Словом, легендарные драгоценности Марлоу медвежатник отнес к Эстету Мануэлю.
Едва взглянув на знаменитую коллекцию, старый оценщик разразился мефистофельским смехом – ни дать ни взять провинциальный комик, выступающий в роли интригана. Из всей груды сваленных на столе диадем, серег и ожерелий единственная ценная вещь, заявил он, это ненароком забытая преступником фомка. Все остальное – подделка, фальшивка, фальшивей некуда.
Что оставалось делать? Взломщик подумал-подумал и отослал блестящие побрякушки своей бывшей жене. Та после развода вышла замуж, переселилась из Нью-Йорка в провинцию, родила дочь и не так давно овдовела. С Теобальдом она неизменно поддерживала переписку, вот он и отправил Мэг фальшивые драгоценности: пусть девчушка позабавится. Мэг отписала, что украшения спрятала в бельевой корзине на чердаке и сохранит как память, но ребенку в руки не даст: не дай Бог оцарапается об острые края оправы. Детские игрушки не должны быть острыми!
Выходит, подделки даже в игрушки не годятся.
Каково было после всего этого Теобальду Неудачнику сносить трепотню газетных писак, раздувших историю с похищением драгоценностей до масштабов чуть ли не кражи века! А семейка Марлоу, эти беспардонные наглецы, раструбили на весь свет о потере сокровищ, так превознося красоту и ценность своих стекляшек, что знаменитые голубые алмазы аж позеленели от зависти.
Эти тоскливые мысли одолевали Неудачника, бредущего в сопровождении двух сыщиков…
Позвольте, но куда же его ведут? Поблизости нет ни одного управления полиции! Теобальд остановился.
– Чего встал? Шагай!
– Не толкайтесь! Не имеете права! Скажите-ка лучше, куда вы меня ведете?!
– В районный участок.
Они подошли к какому-то серому зданию и замедлили ход. В чем дело? Все районные участки Неудачник знал, но здесь полицией и не пахло.

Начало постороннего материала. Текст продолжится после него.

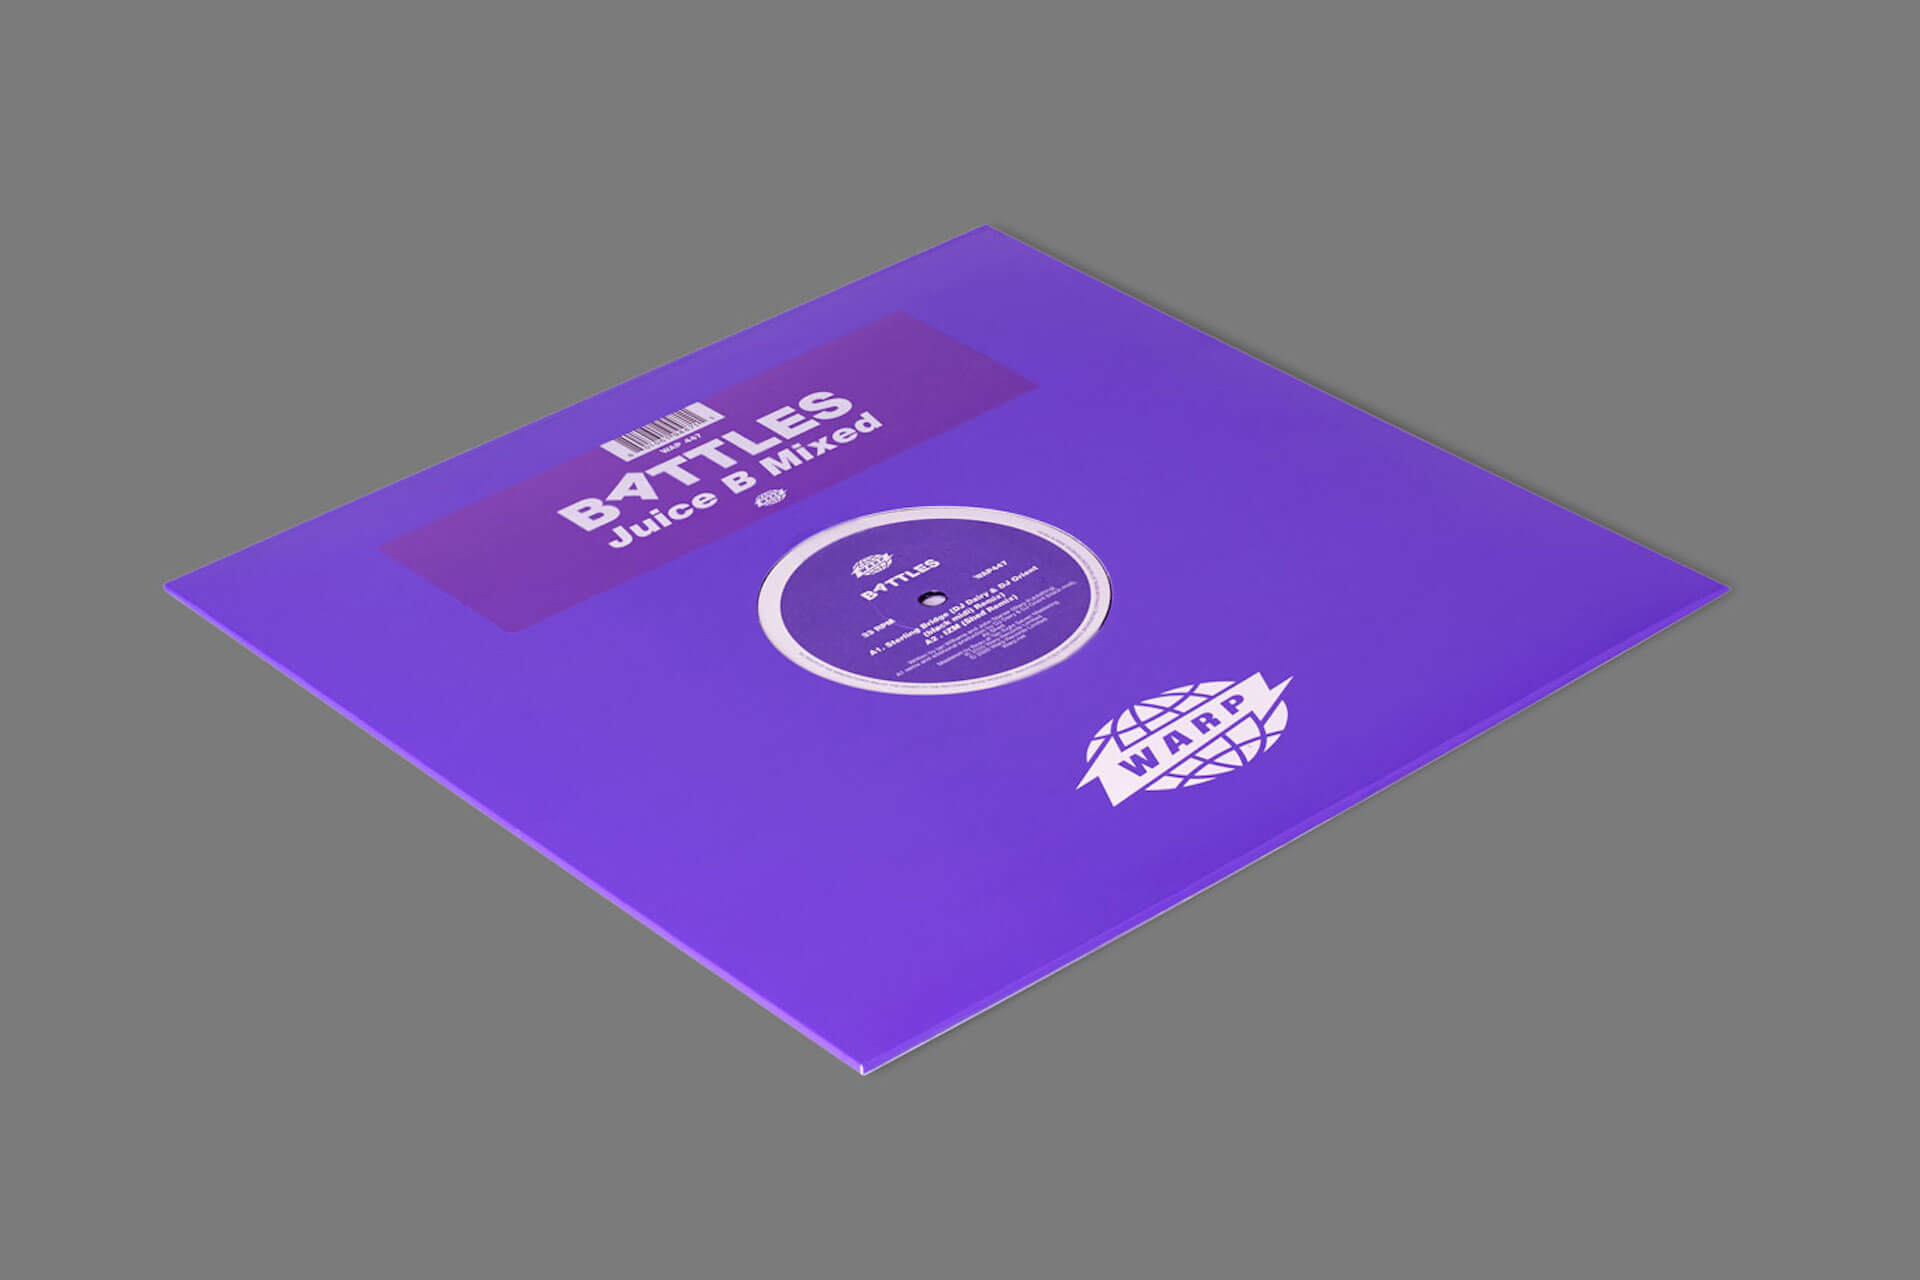 """Battles最新作『Juice B Crypts』のリミックスEP『Juice B Mixed』にblack midi、Shedら参加決定!black midiによるリミックス曲""""Stirling Bridge""""が先行解禁 music201007_battles_7"""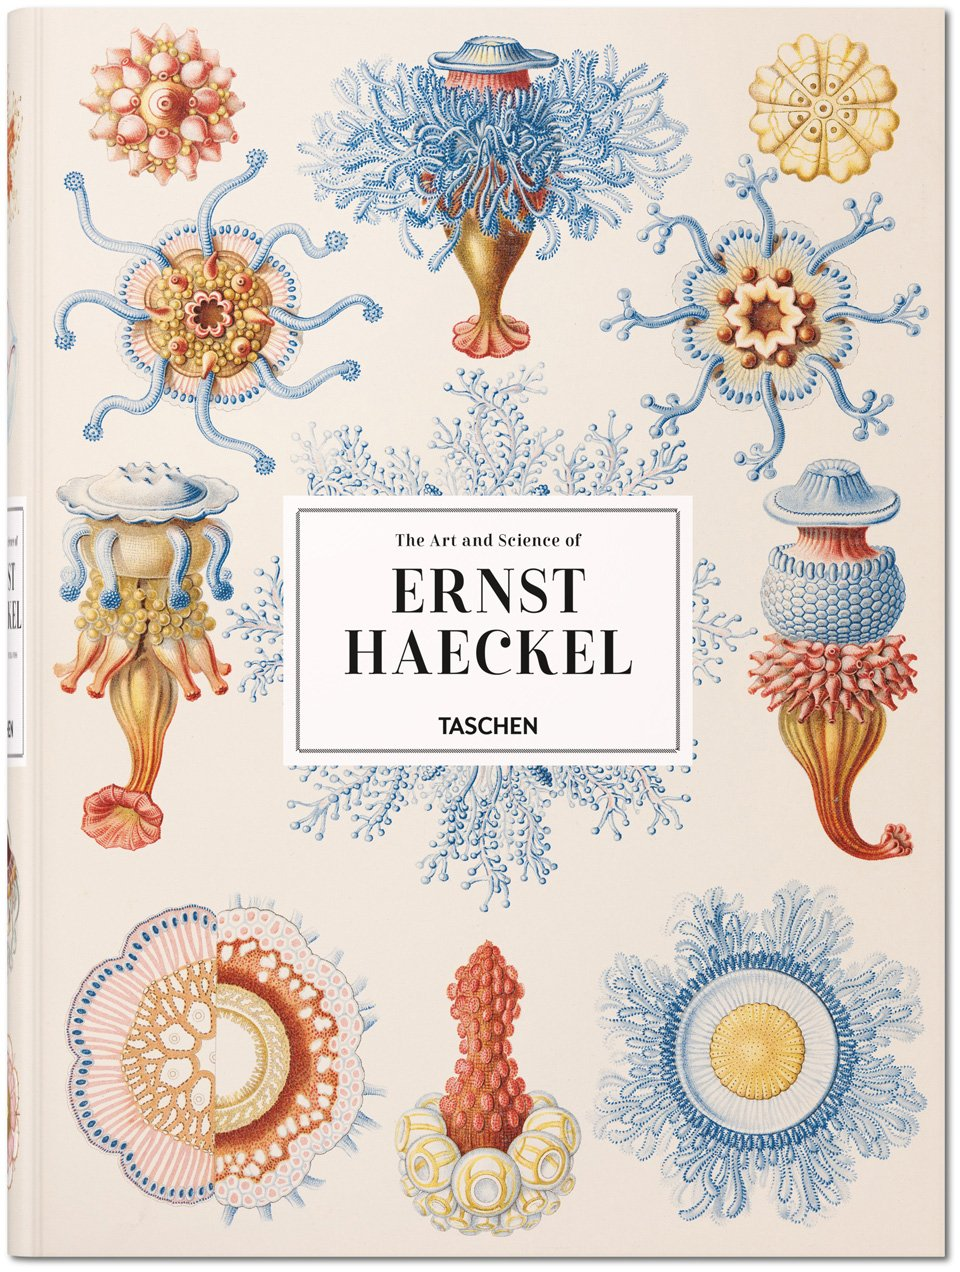 Kunst und Wissenschaft Ernst Haeckels | Rainer Willmann, Julia Voss | Taschen Verlag

– Никуда я не пойду, это не полиция! – уперся было Неудачник, но мощным толчком его впихнули в подворотню. Что за чертовщина?! Да ведь это какие-то мошенники, а вовсе не полицейские! И как назло, руками не пошевелишь, наручники мешают!.. Очередной пинок столкнул его в подвал. Скатившись по ступенькам вниз, Неудачник расквасил нос. Издеваются над человеком как хотят!.. Он с трудом поднялся на ноги, озираясь по сторонам. В заваленном ящиками и бочками подвале темнотища…
При падении с головы у Теобальда свалилась шляпа. Он попытался было отыскать ее на ощупь и обнаружил в стороне под потолком оконце, откуда просачивался тусклый свет и слышались шаги. Да ведь окошко выходит на улицу! Теобальд рванулся туда.
– Стоять на месте! – раздался в темноте чей-то голос. – Если надумали звать на помощь, я мигом сгоняю за ближайшим постовым.
Пришлось притормозить.
3
– Кто здесь?
– Не ваше дело!
– Почему меня схватили?
– Чтобы привести сюда.
– Для чего было сковывать руки?
– Чтобы не вздумали пускать их в ход. Кстати, это всего лишь психологическое воздействие. Наручники не защелкнуты. Чуть потяни, и они спадут.
Вот это да! Стоило слегка пошевелить руками, и стальные браслеты свалились, словно развязанный бант. Такова суггестивная мощь закона: человек скован уже самим чувством своего бессилия перед ним!
Невидимый собеседник умолк. Теобальд попытался было приблизиться к нему, но схлопотал такую затрещину, что кубарем отлетел к груде ящиков в дальнем углу.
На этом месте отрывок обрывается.